:: TASK PROMPT ::
Pictures in the data below are not part of the copy; transcribe everything else exactly.

:: PROVIDED DATA ::
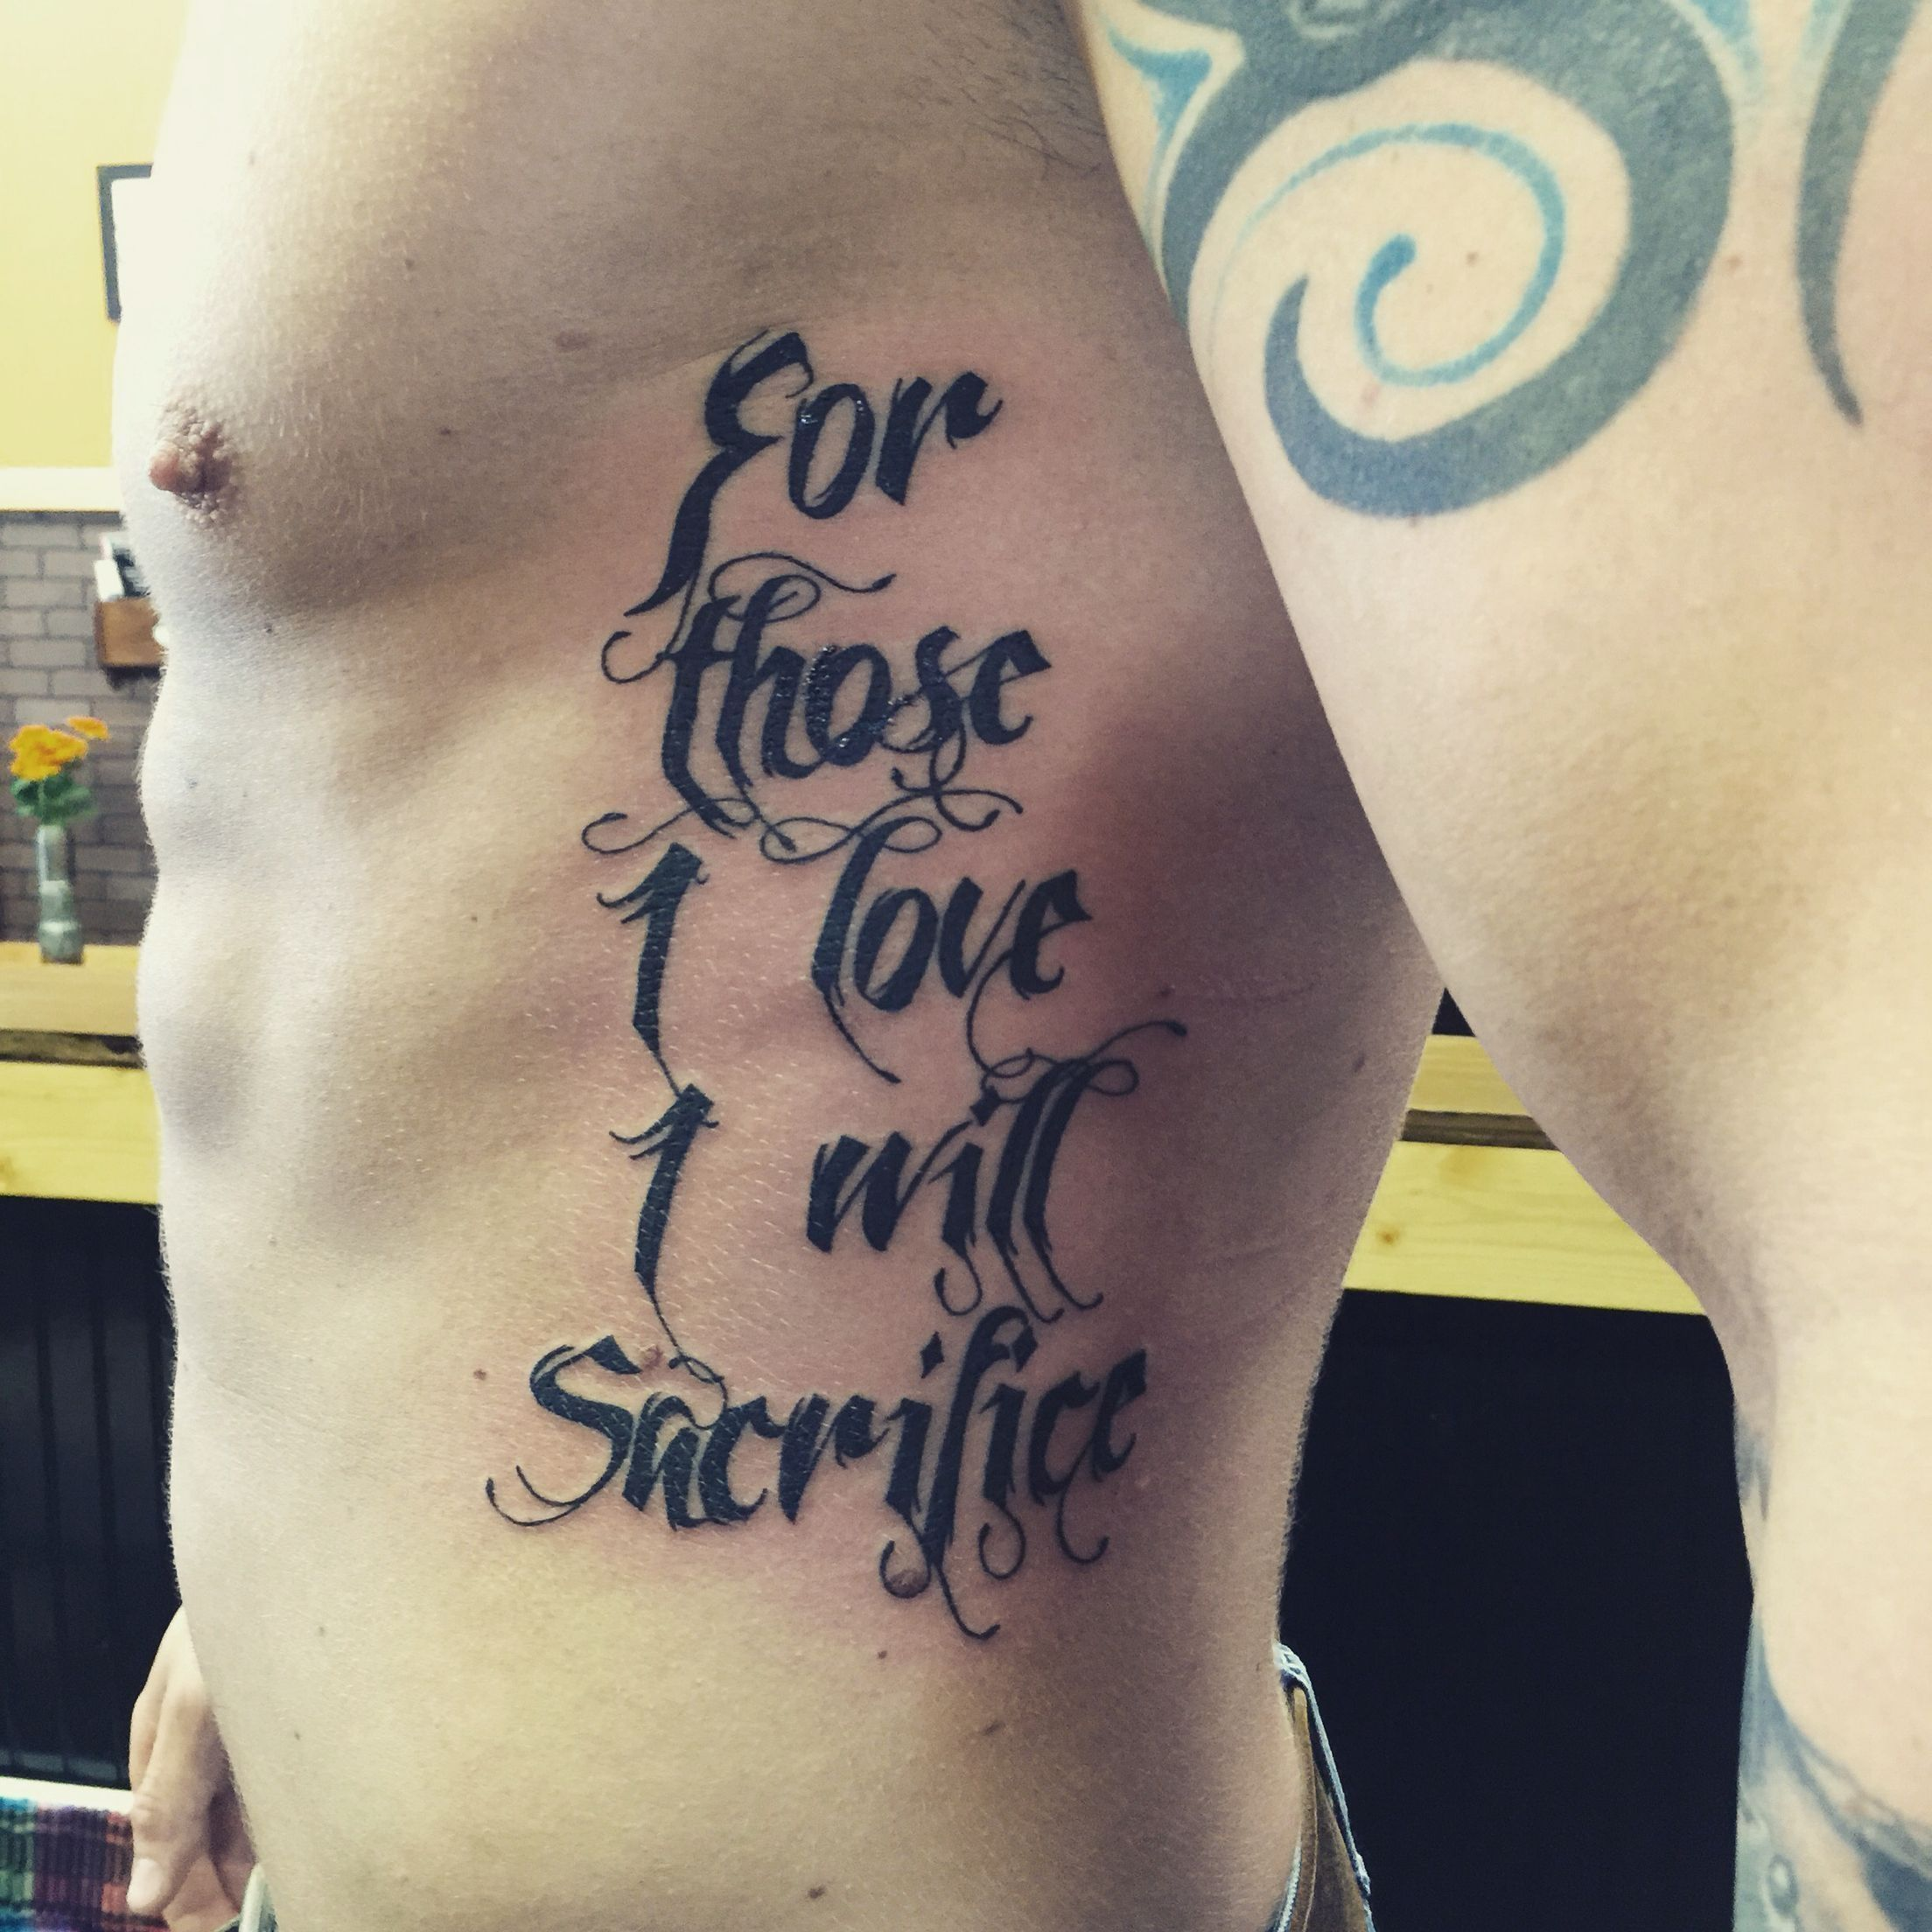 Amazing 35 Best Inspiring Tattoo Design for Cool Men http://klambeni.com/ 2019/04/03/35-best-inspiring-tatt… | Tattoos for guys, Tattoo quotes for  men, Tattoo quotes
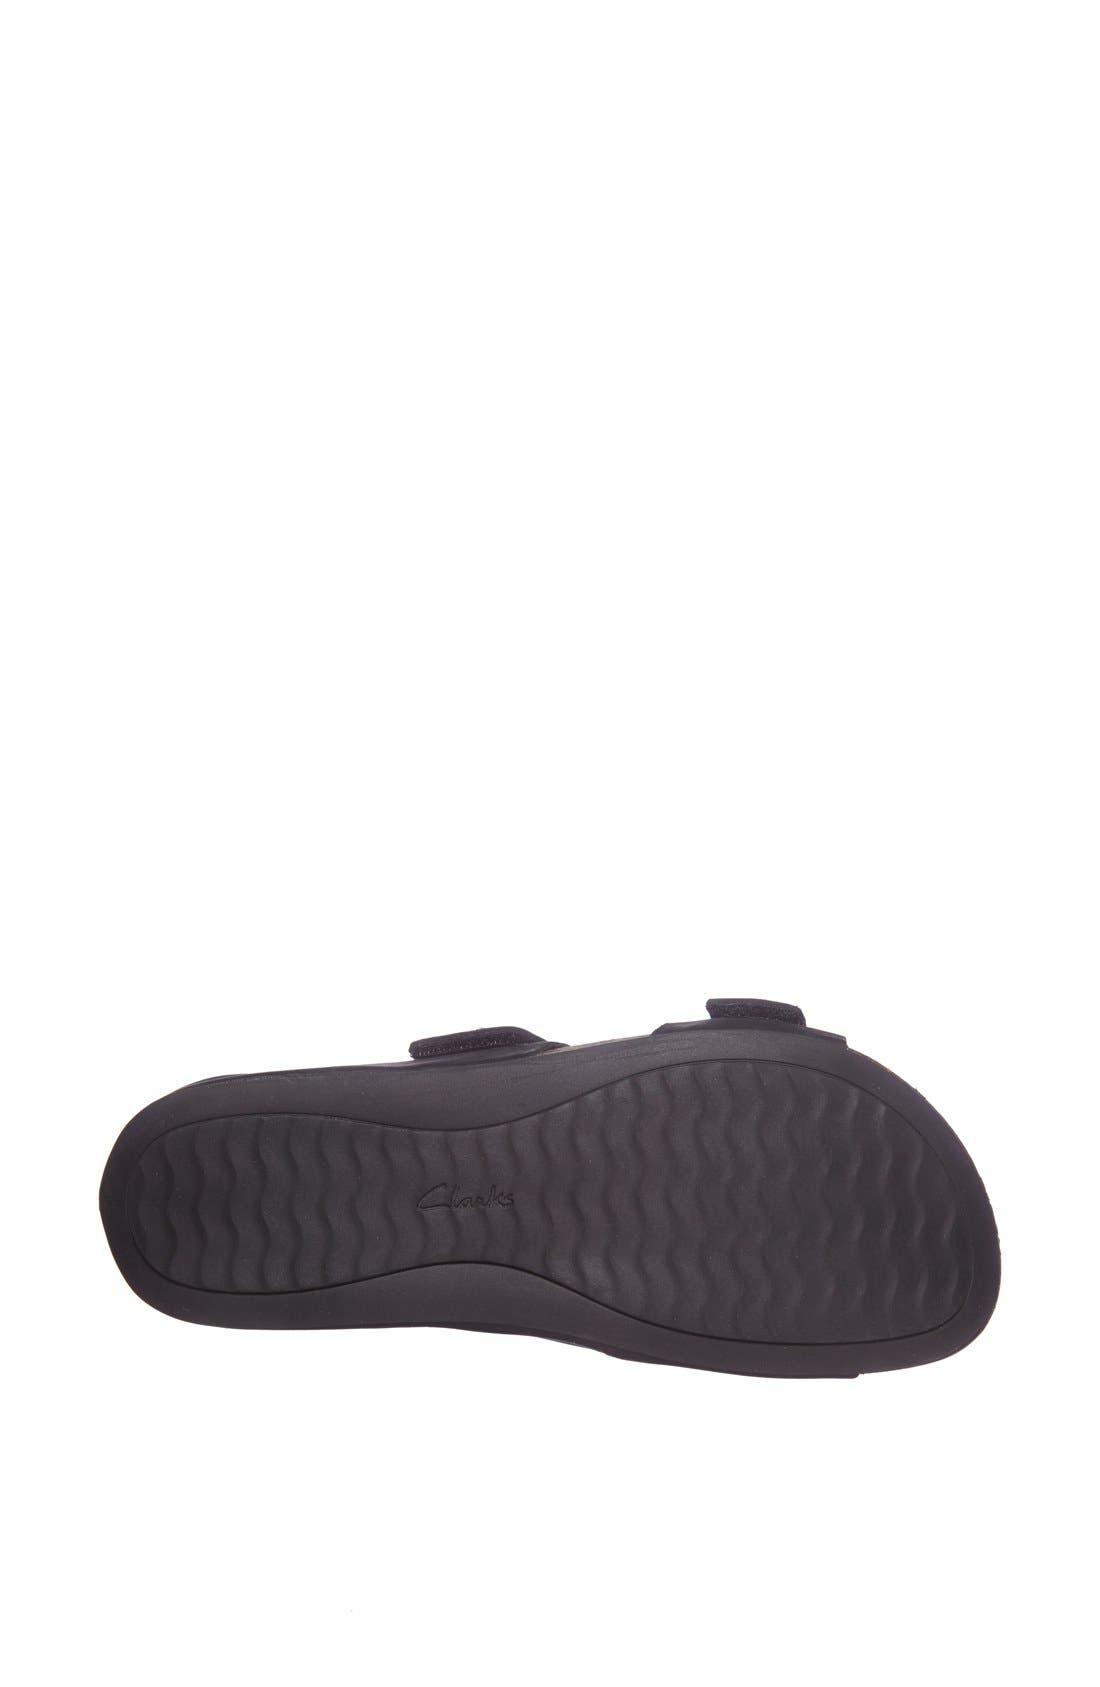 'Perri Coast' Leather Thong Sandal,                             Alternate thumbnail 3, color,                             005
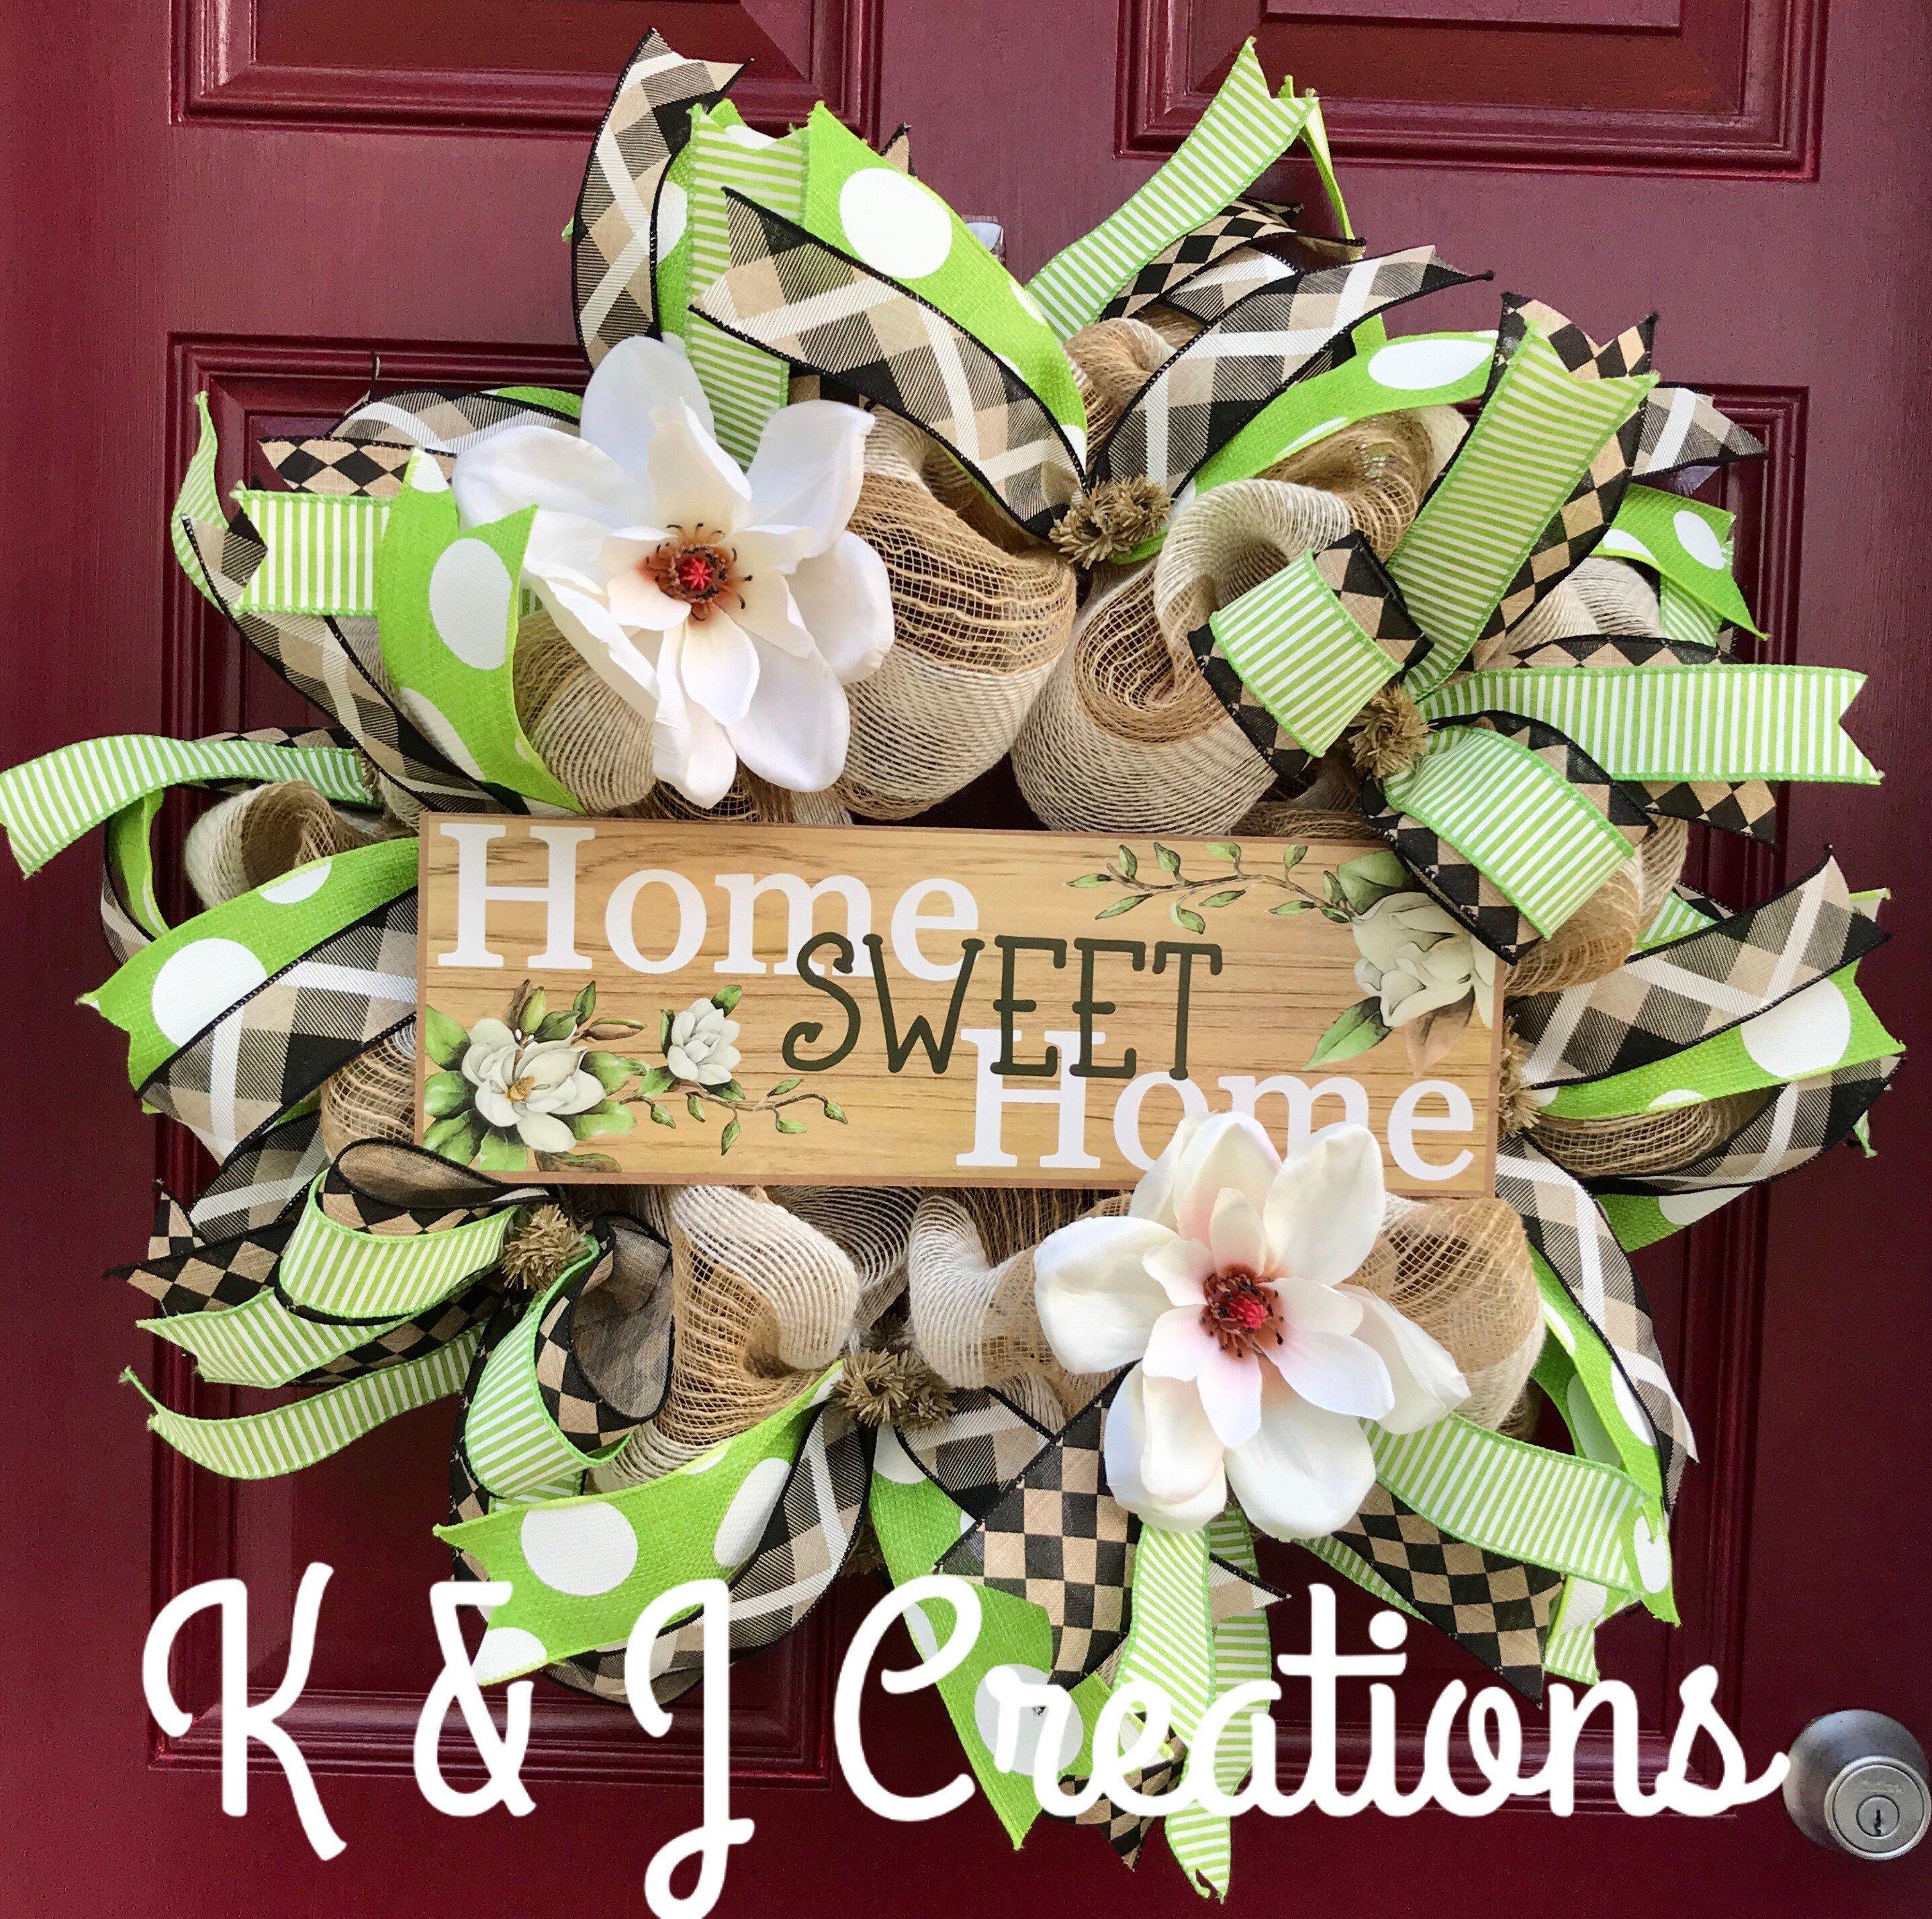 Photo of Magnolia Wreath for Front Door, Home Sweet Home Wreath, Everyday Wreath, Spring Decor, Farmhouse Wall Decor, Summer Wreath

:: RESPONSE ::
 Amazing 35 Best Inspiring Tattoo Design for Cool Men http://klambeni.com/ 2019/04/03/35-best-inspiring-tatt… | Tattoos for guys, Tattoo quotes for  men, Tattoo quotes
 'Perri Coast' Leather Thong Sandal,                             Alternate thumbnail 3, color,                             005
 Photo of Magnolia Wreath for Front Door, Home Sweet Home Wreath, Everyday Wreath, Spring Decor, Farmhouse Wall Decor, Summer Wreath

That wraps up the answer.